- Stored data

>>>

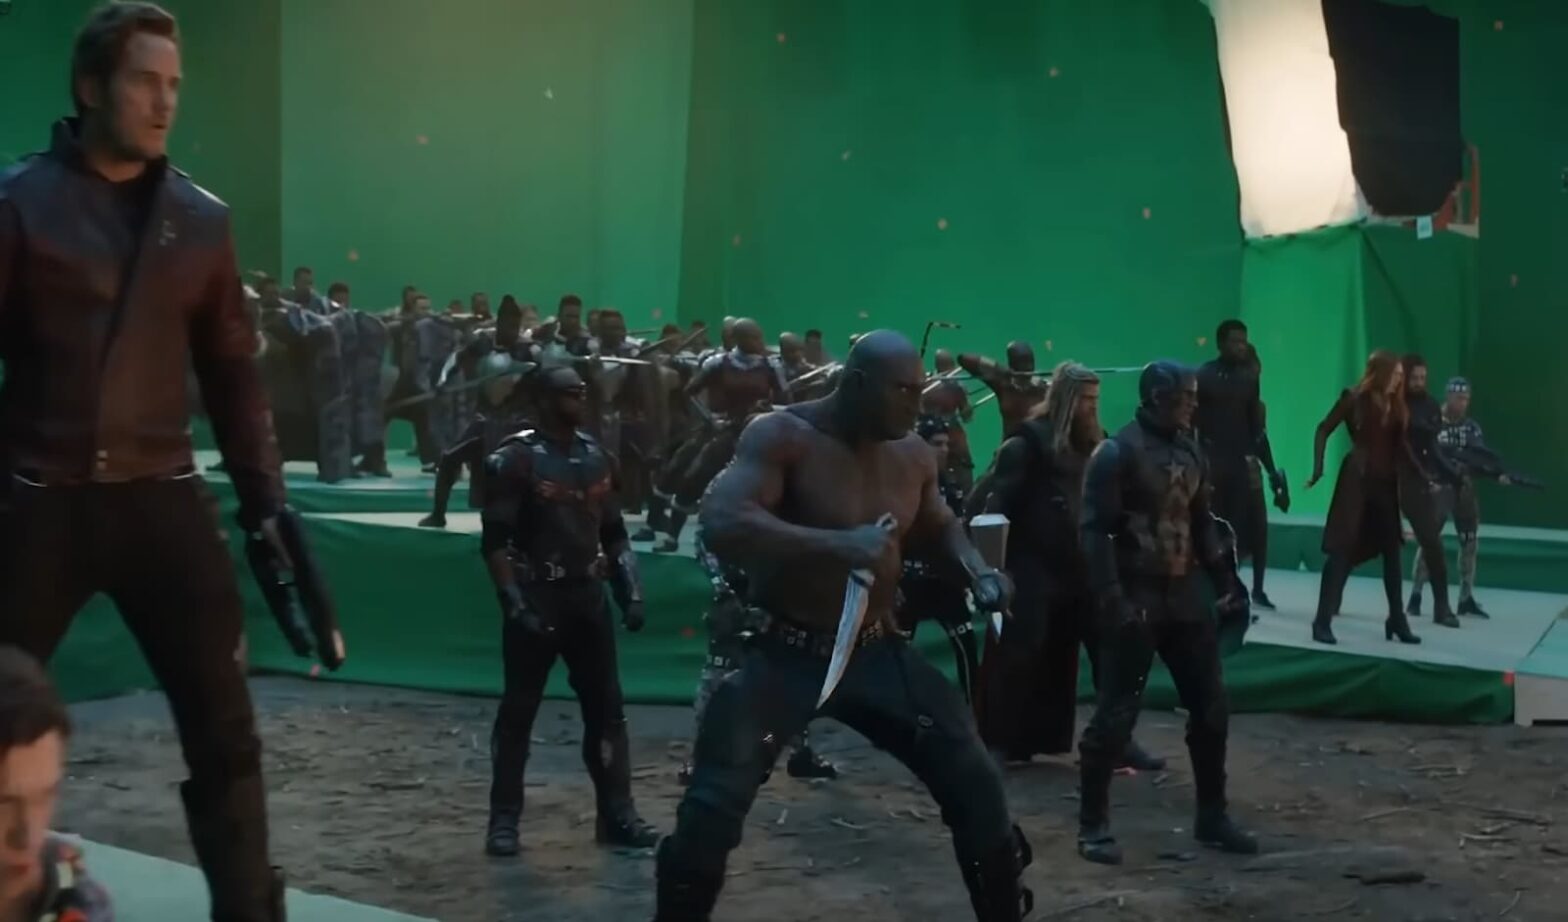 Superheroes prepare for battle on a green screen set
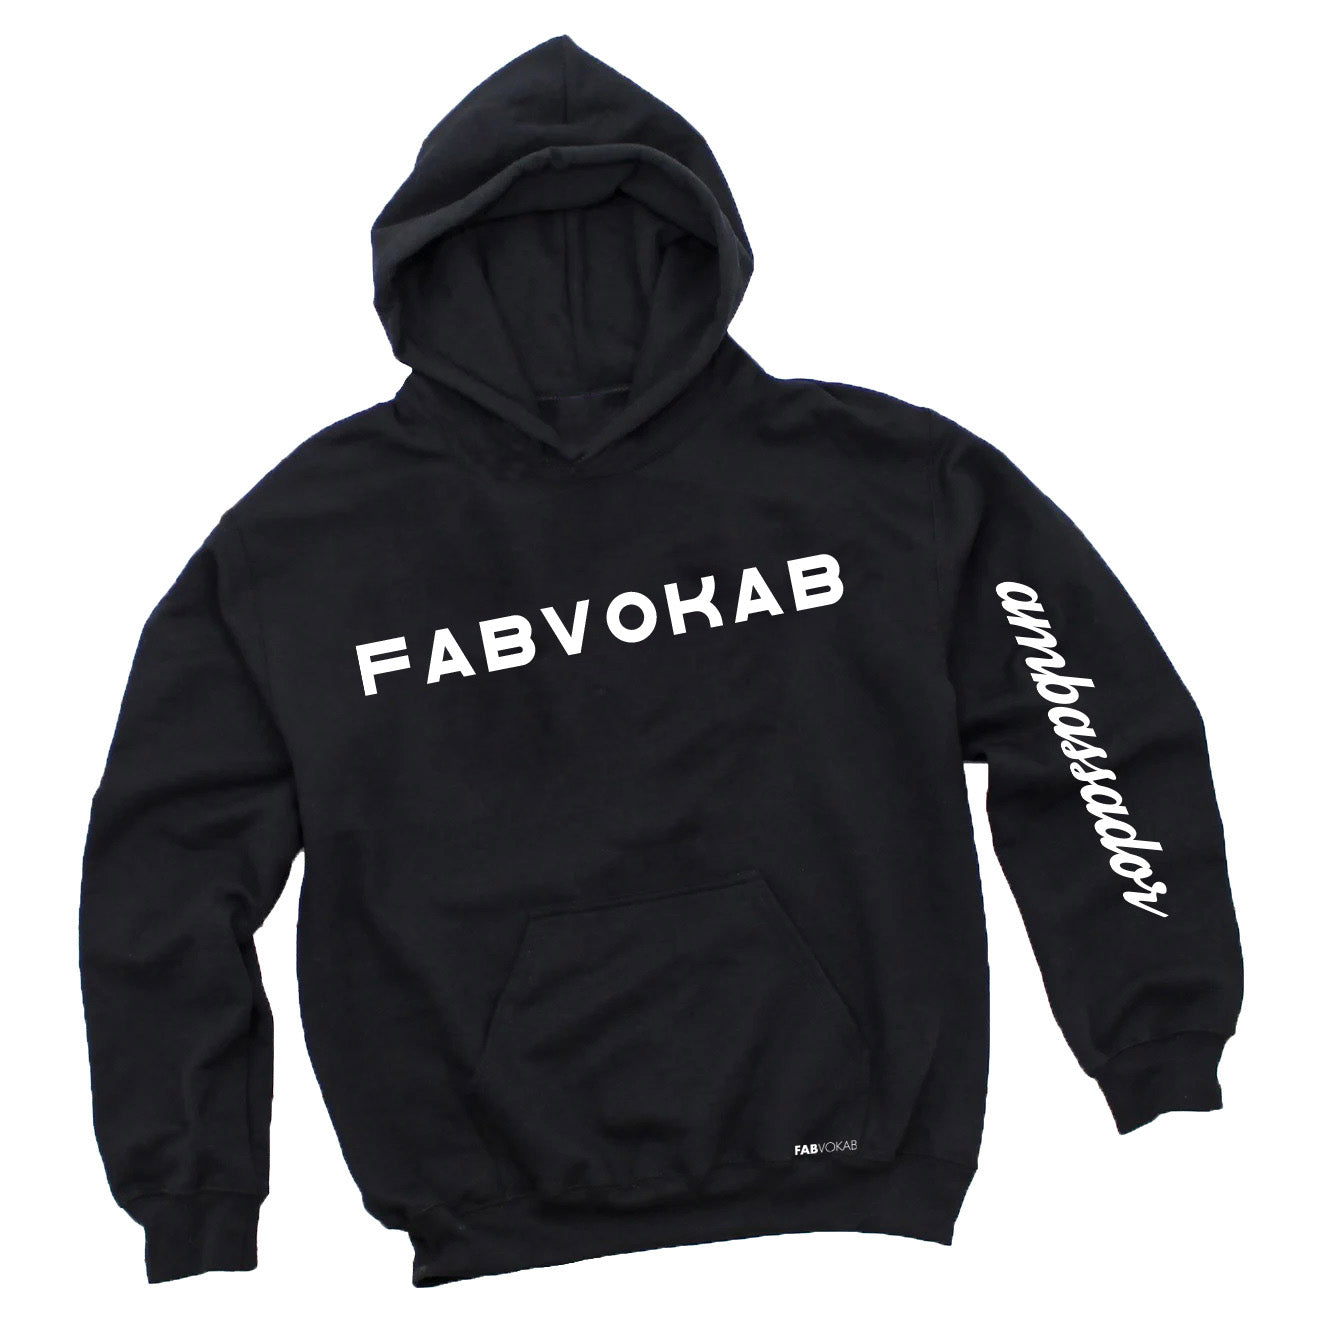 FABVOKAB Ambassador unisex, girls, boys, teens black hoodie
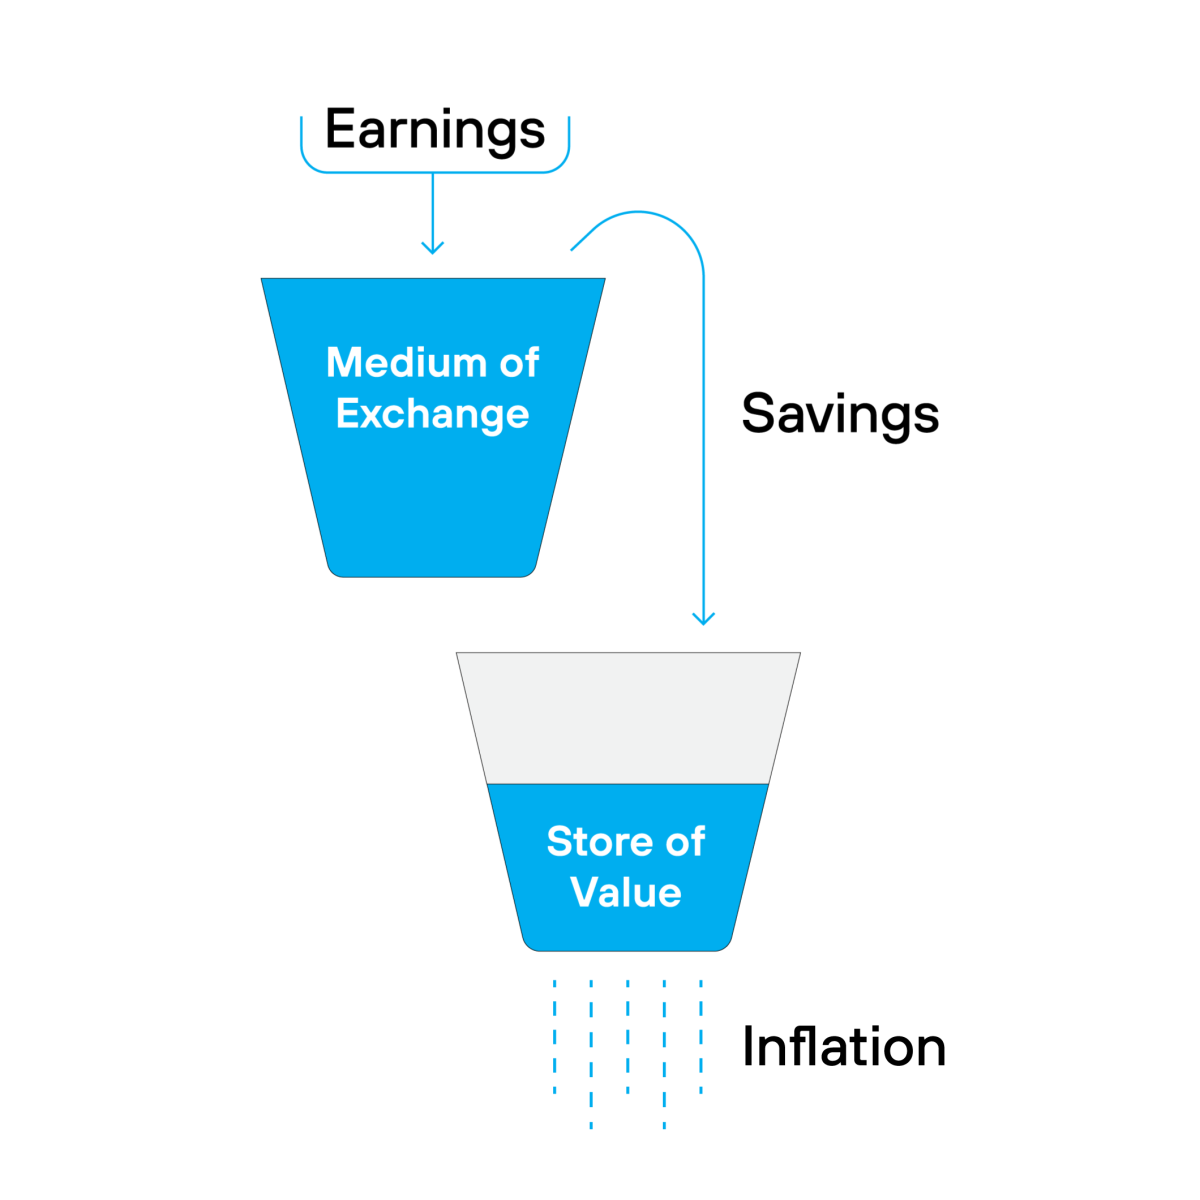 earnings and savings buckets
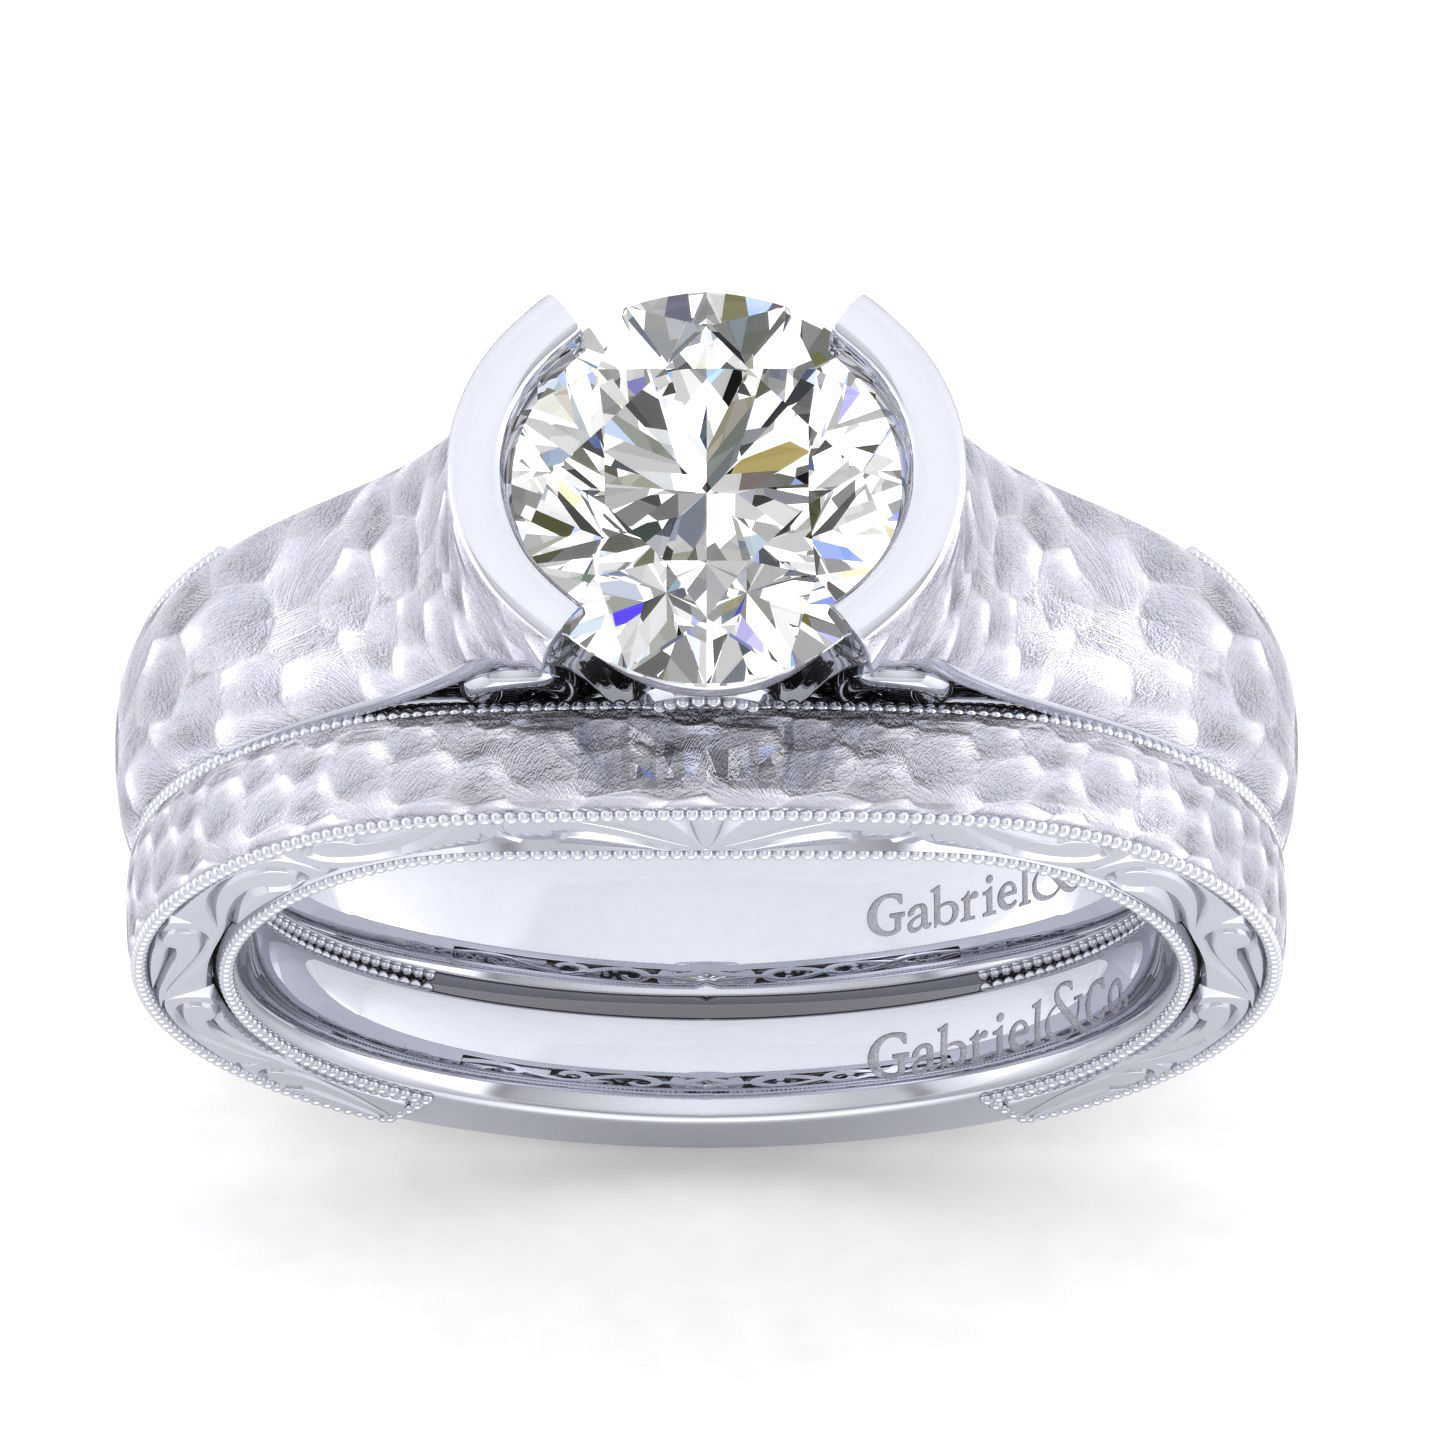 Vintage Inspired Platinum Round Diamond Engagement Ring

<<<

- Your assignment
What you give back must match the material word for word, with no images included.

- Answer to the problem
 Superheroes prepare for battle on a green screen set
 FABVOKAB Ambassador unisex, girls, boys, teens black hoodie
 earnings and savings buckets
 Vintage Inspired Platinum Round Diamond Engagement Ring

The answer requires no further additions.